A pullback into February 2018 printed the seventh higher low of the decade, ahead of a February 2019 breakout that has now reached a 14-year high at $8.60. The stock has gone straight up since the Jan. 15 low at $5.34, posting an unsustainable 61% rally, predicting that it will soon turn lower to shake out weak hands. A pullback that settles near new support at $6.50 could offer a low-risk buying opportunity, ahead of a secondary rally impulse that reaches the double digits.

Technical chart showing the share price performance of Camtek Ltd. (CAMT)

Israel's Camtek Ltd. (CAMT) designs and sells measuring equipment for the semiconductor industry. The company came public near $6.00 in August 2000 and posted an all-time high at $11.50 just one month later, ahead of a steep decline that ended at 31 cents in 2003. Higher lows in 2009 and 2013 preceded upticks that stalled well under the prior high, while a 2016 higher low generated a bounce that reached within 39 cent of resistance in August 2018.

The stock nearly got cut in half into December, finding support at $6.29, ahead of a recovery wave that is now trading about two points under the 2018 high. Accumulation has risen back to 2018 levels, raising the odds for a final buying surge that reaches resistance ahead of a multi-decade breakout into the upper teens.
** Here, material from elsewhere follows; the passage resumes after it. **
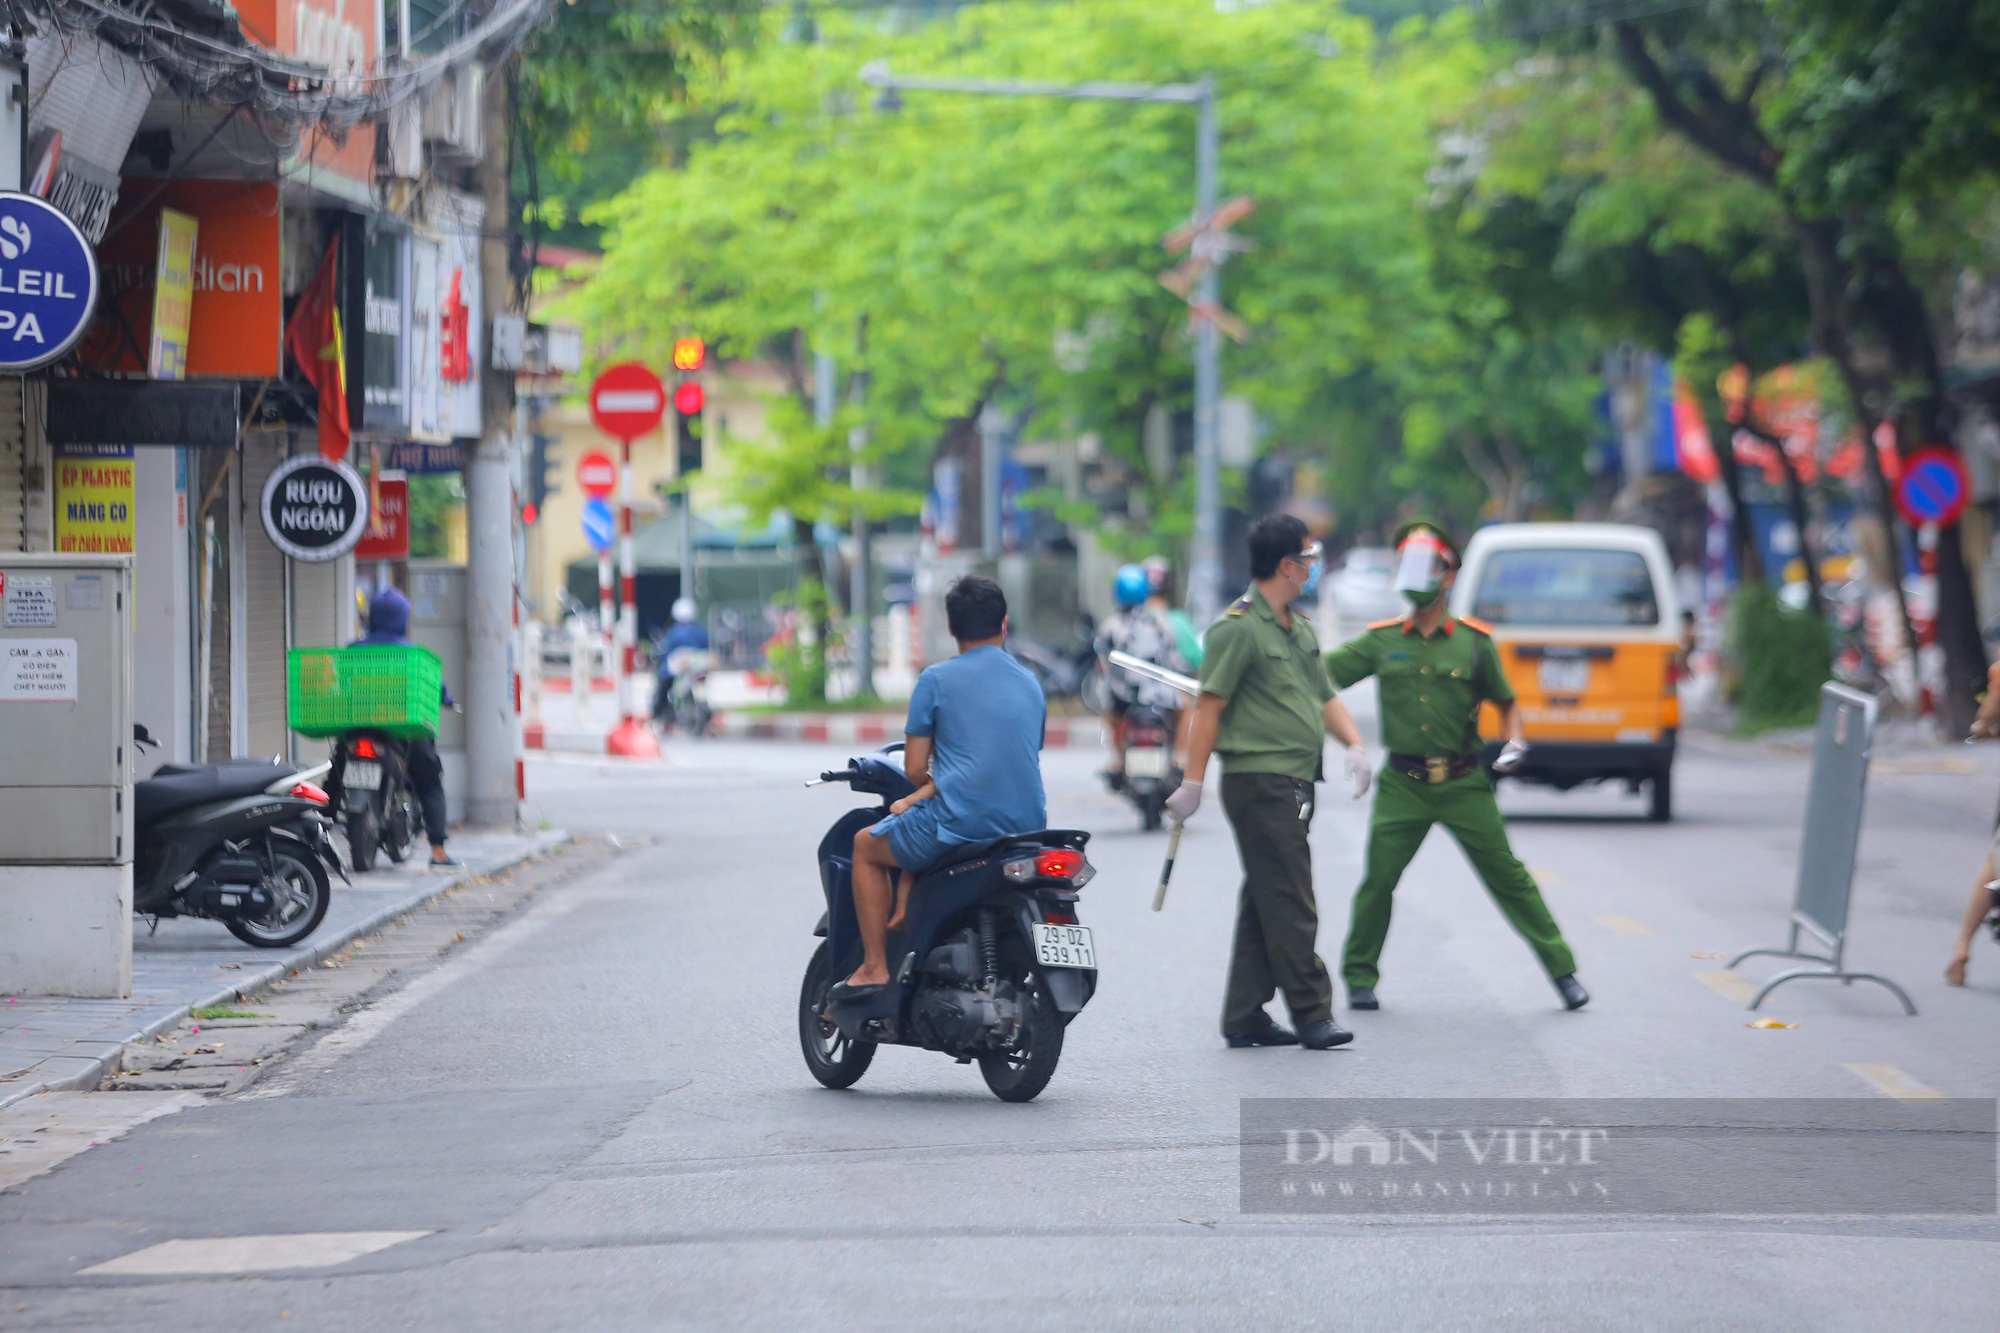 Không đeo khẩu trang, quay đầu xe bỏ chạy khi thấy chốt kiểm soát người đi đường ở Hà Nội - Ảnh 7.

However, patience is needed with this play because it has just crossed the 200-day EMA for the sixth time in four months, predicting continued basing action around the $7.50 level before directional momentum takes hold.

The Bottom Line

Single-digit stocks are exhibiting unusual first quarter strength, predicting continued upside as long as the market-leading Russell 2000 small-cap index keeps adding points.